Когда двинулись вперед гусары, пан Заглоба, хотя страдал одышкой и толчеи не любил, бросился, зажмурившись, вместе с остальными, ибо ничего другого делать ему не оставалось, а в голове его только и мелькало: «Здесь не надуешь! Никак не надуешь! Дурак с удачей, умный с потерей!» Потом взяла его злость и на войну, и на казаков, и на гусар, и вообще на весь свет. Он стал ругаться и молиться. Ветер свистел у него в ушах, спирая дыхание. Вдруг лошадь его на что-то наткнулась, он ощутил какую-то преграду, открыл глаза — и что же увидел? Вот они, косы, сабли, цепы, глаза, усы и сплошь багровые лица… И все какое-то неотчетливое, неизвестно чье, все дергающееся, скачущее, бешеное. Тогда обуяло его крайнее остервенение и по поводу этого самого противника, и потому, что они не убираются ко всем чертям, а наскакивают и вынуждают Заглобу сражаться. «Желали — получайте!» — подумал он и принялся без разбору махать саблей направо и налево. Иногда сабля просто рассекала воздух, а иногда чувствовалось, что клинок врезается во что-то мягкое. Вместе с тем он понимал, что все еще жив, и это необычайно ободряло его. «Бей! Убивай!!» — ревел Заглоба, как буйвол, и в конце концов лютые мужицкие обличья исчезли из глаз, вместо них увидел он множество спин, шапочных донцев, а вопли — разве что ушей ему не раздирали.

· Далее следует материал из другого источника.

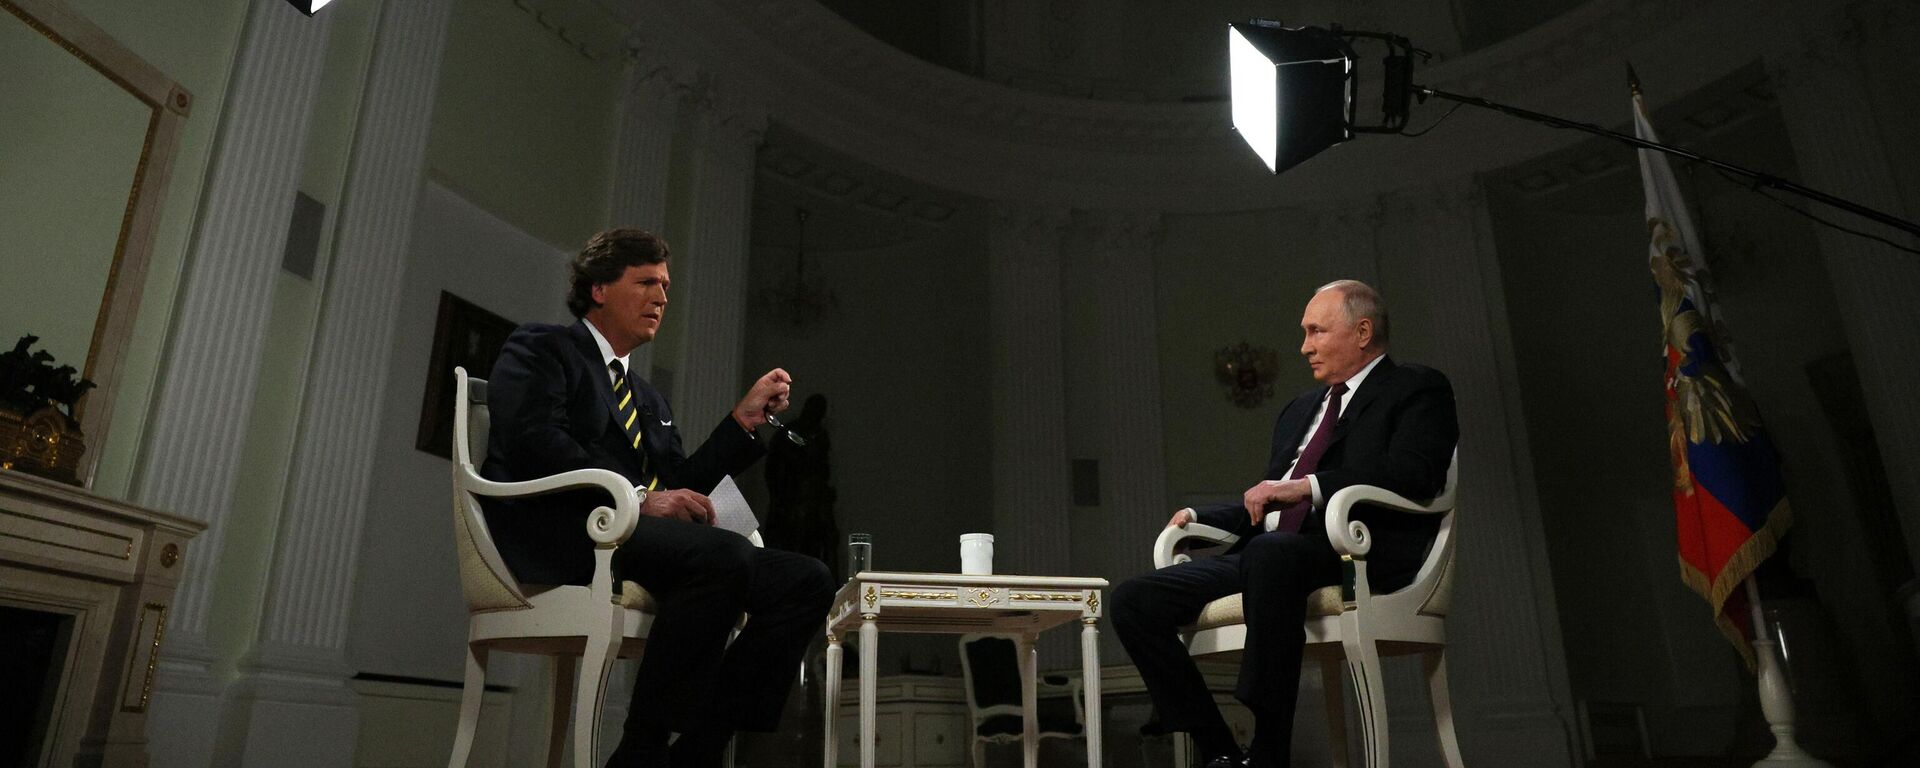 Russian President Vladimir Putin listens to a question during an interview with US journalist Tucker Carlson at the Kremlin in Moscow, Russia. - Sputnik International, 1920, 09.02.2024

«Бегут! — пронеслось у него в голове. — Они же бегут! Бегут!»
Тогда вскипела в нем небывалая отвага.
— Воры! — крикнул он. — Так-то вы шляхте сопротивляетесь!
И кинулся вслед бегущим, многих опередил и, вмешавшись в их гущу, с большим уже толком взялся за дело. Между тем соратники его приперли врагов к густо поросшему деревами берегу Случи и гнали их вдоль этого берега к дамбе, из-за недостатка времени никого не беря в плен.

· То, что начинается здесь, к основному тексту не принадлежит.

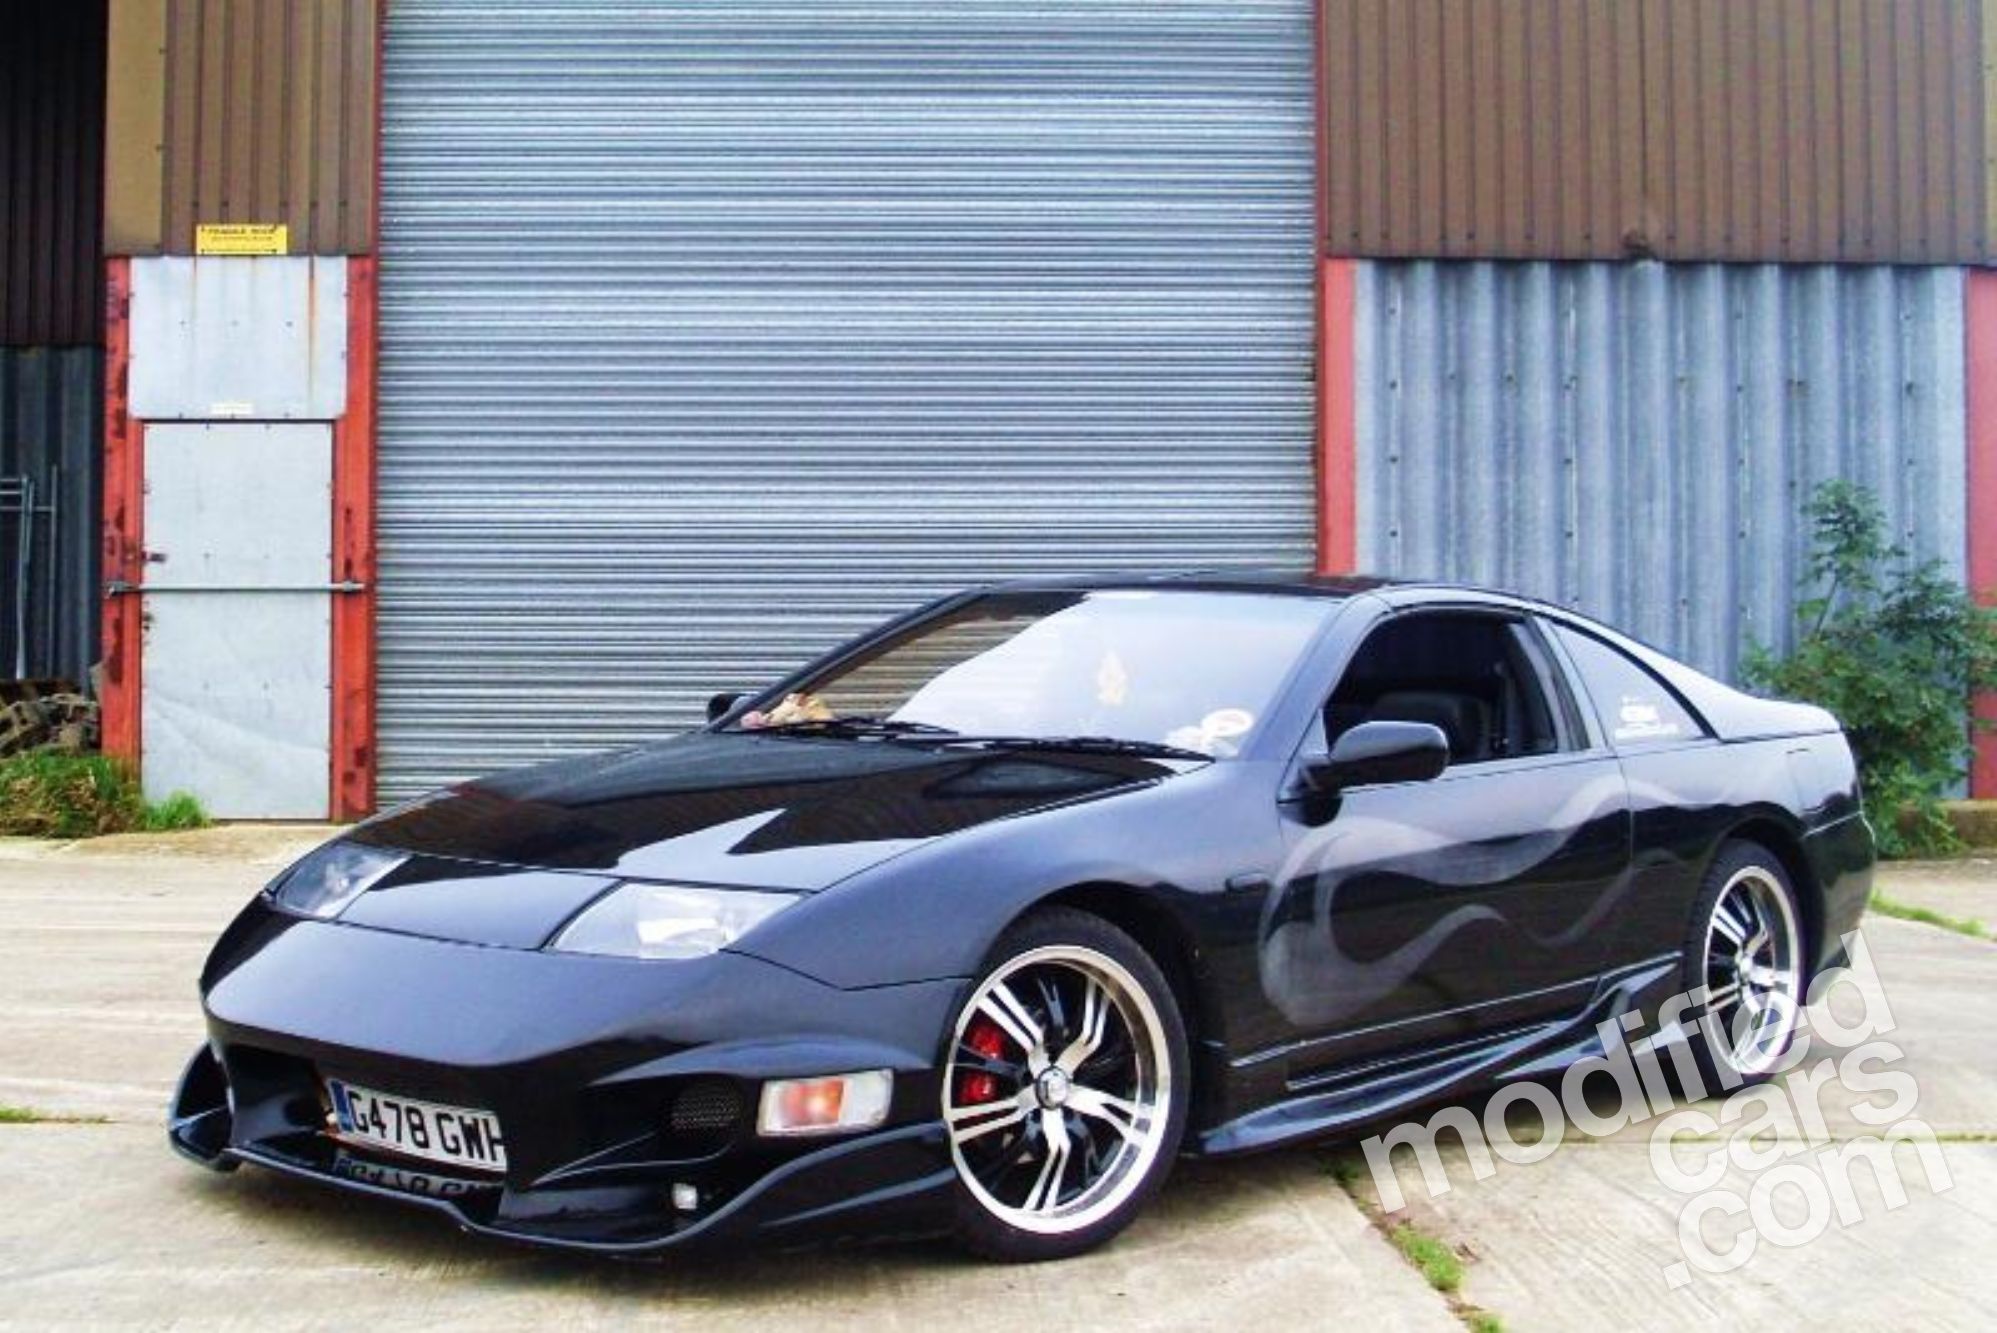 Nissan 300zx twin turbo review #5

Внезапно пан Заглоба почувствовал, что лошадь под ним стала упираться, и вместе с тем что-то тяжелое, свалившись на него, обмотало ему голову, так что оказался он в полной темноте.
— Милостивые государи! Спасайте! — крикнул он, колотя лошадь пятками.
Конь, как видно уставши нести тучного всадника, только постанывал, но с места не сходил.
Пан Заглоба слышал вопли и клики мчавшихся мимо всадников, затем весь этот ураган пролетел, и установилось некоторое затишье.
И снова мысли, словно быстрые стрелы татарские, замелькали в его мозгу.
«Что это? Что случилось? Иисусе Христе! В плен меня взяли, что ли?»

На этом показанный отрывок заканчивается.